Content starts
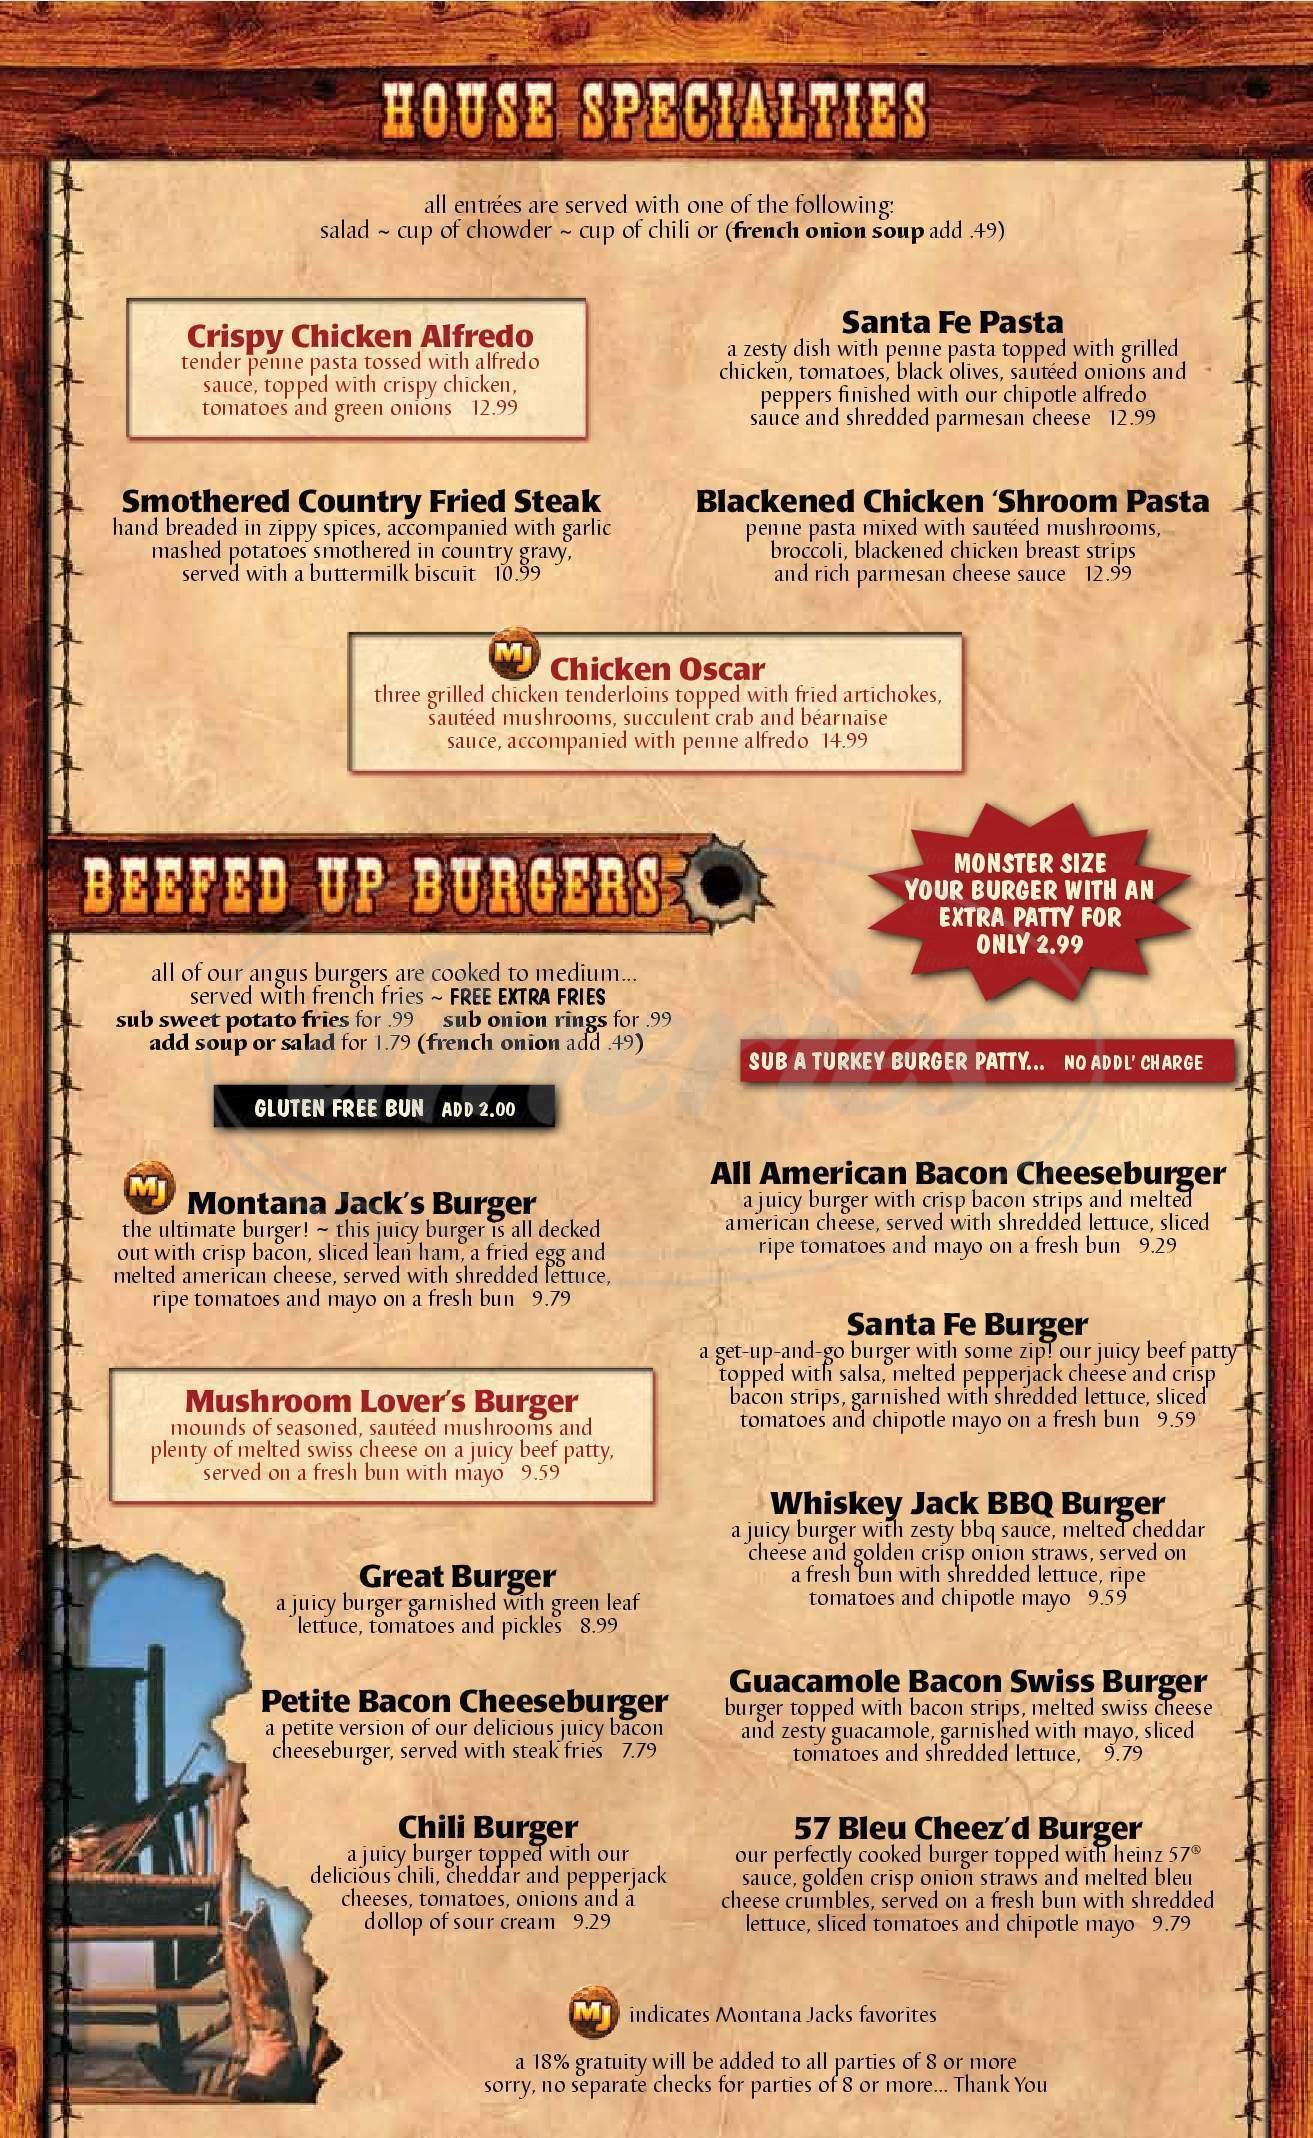 menu for Montana Jacks
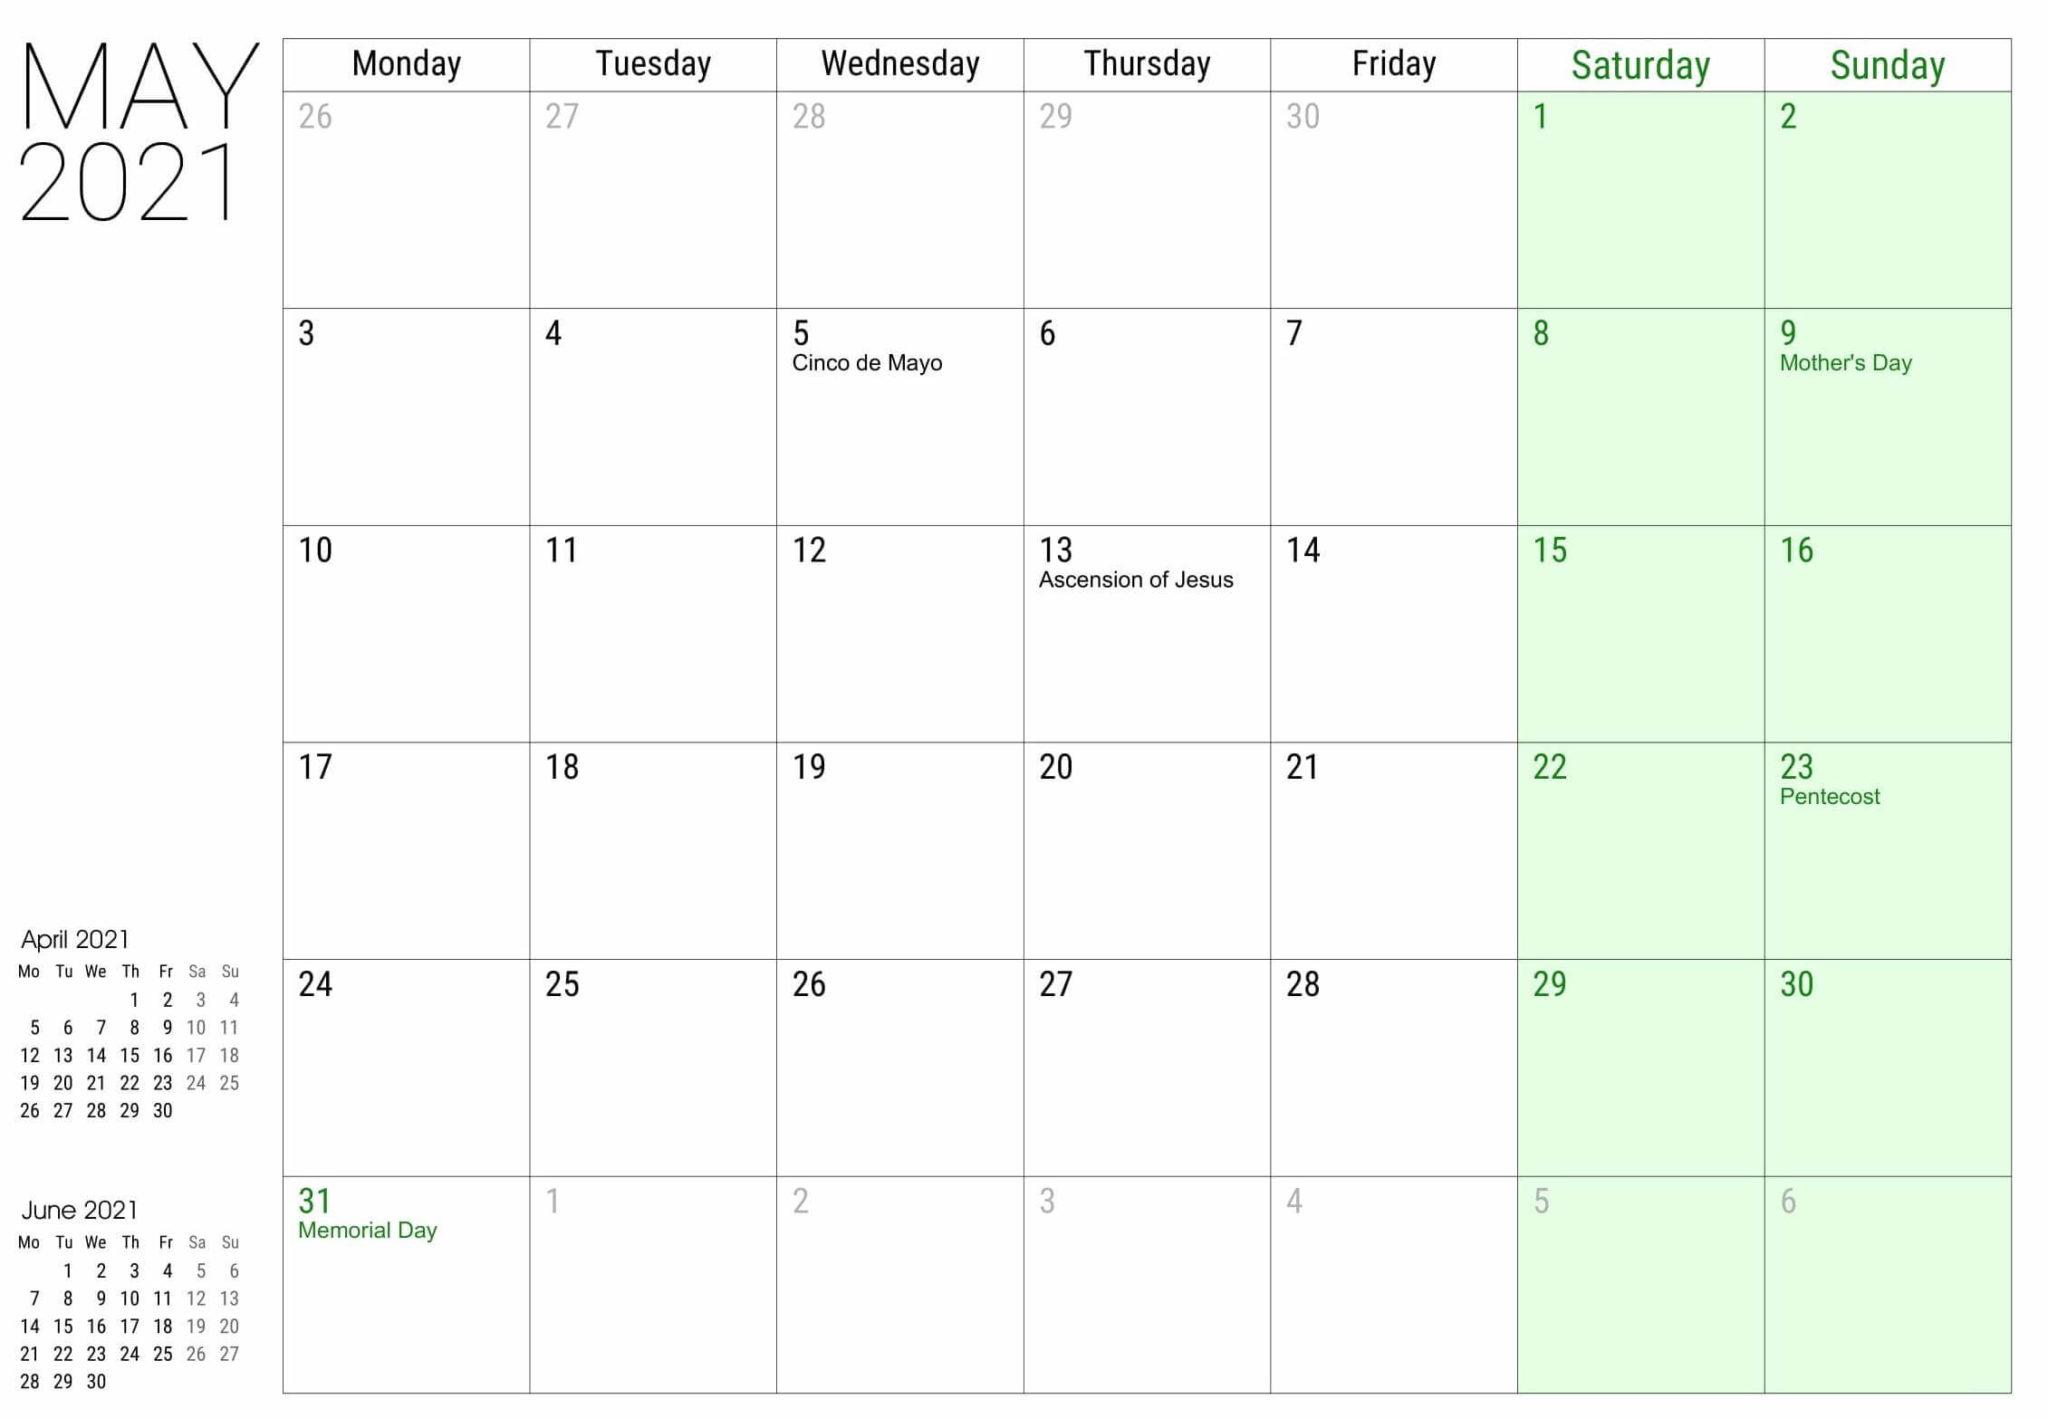 May 2021 Calendar US Federal & Public Holidays
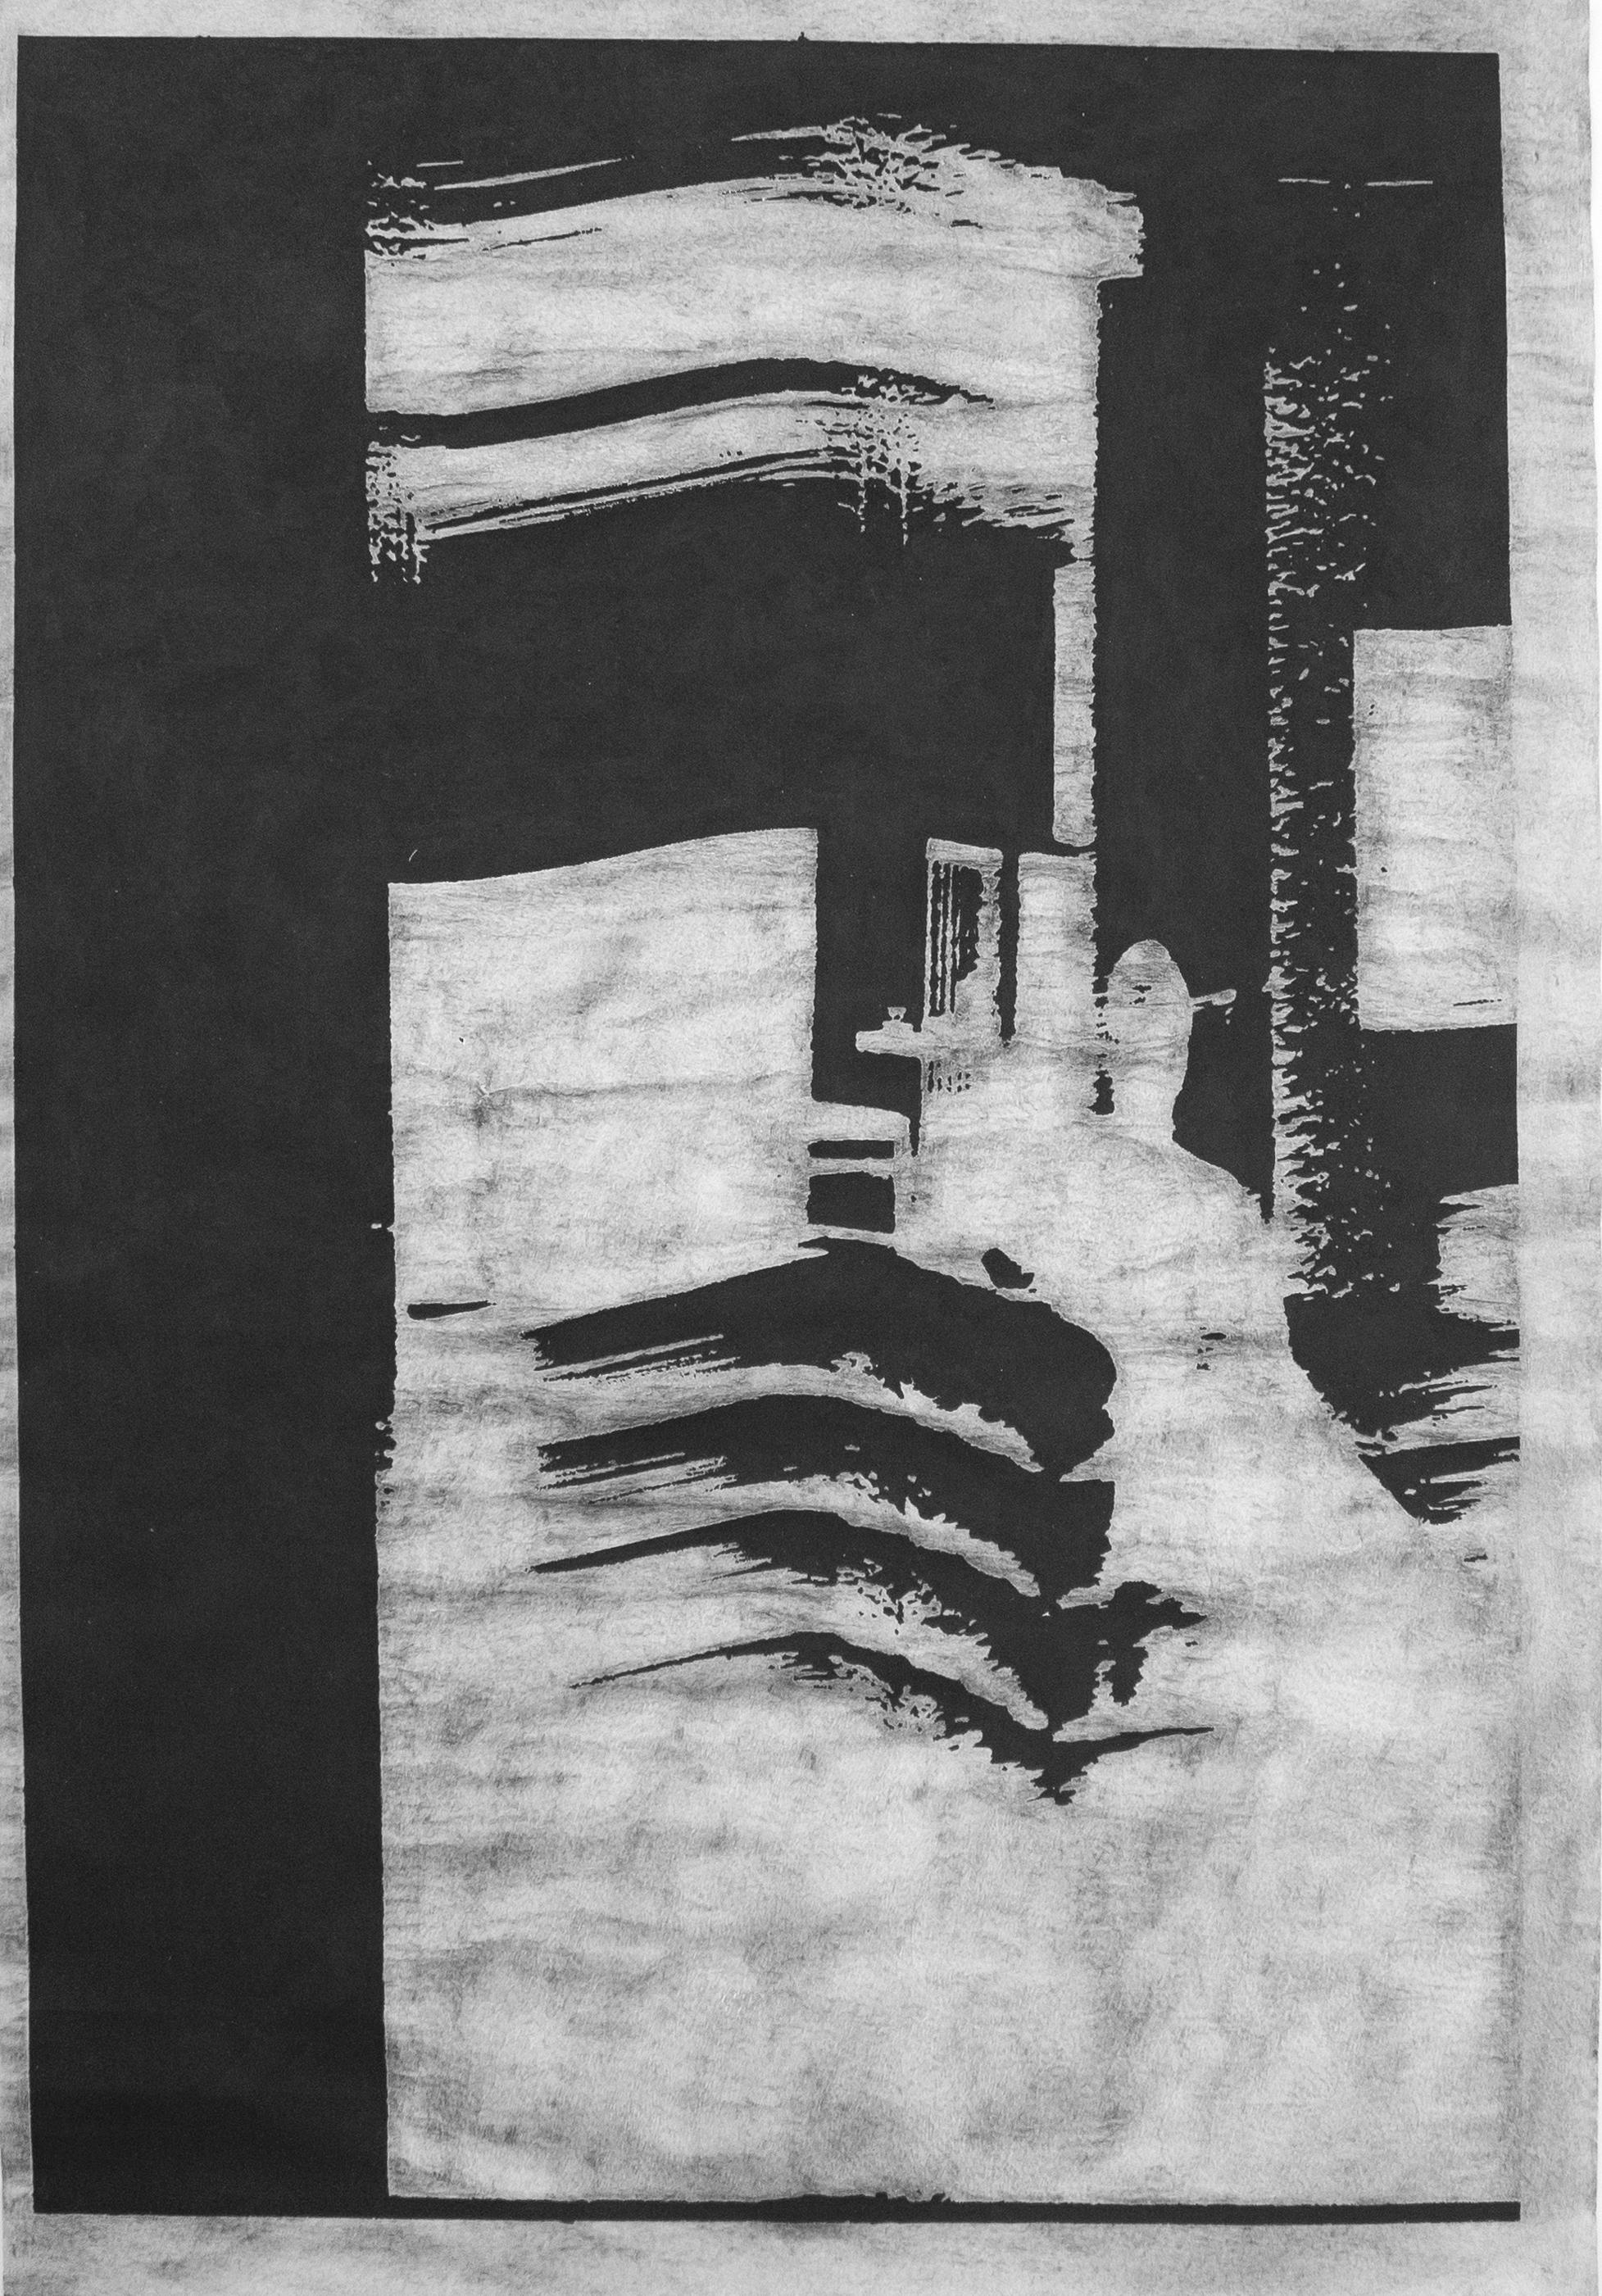 Christian Rickert | Interieur mit Figur und Teetasse
Content ends
| Task brief |
Apart from the images, please copy every line of the data exactly as written.

| Written answer |
 menu for Montana Jacks
 May 2021 Calendar US Federal & Public Holidays
 Christian Rickert | Interieur mit Figur und Teetasse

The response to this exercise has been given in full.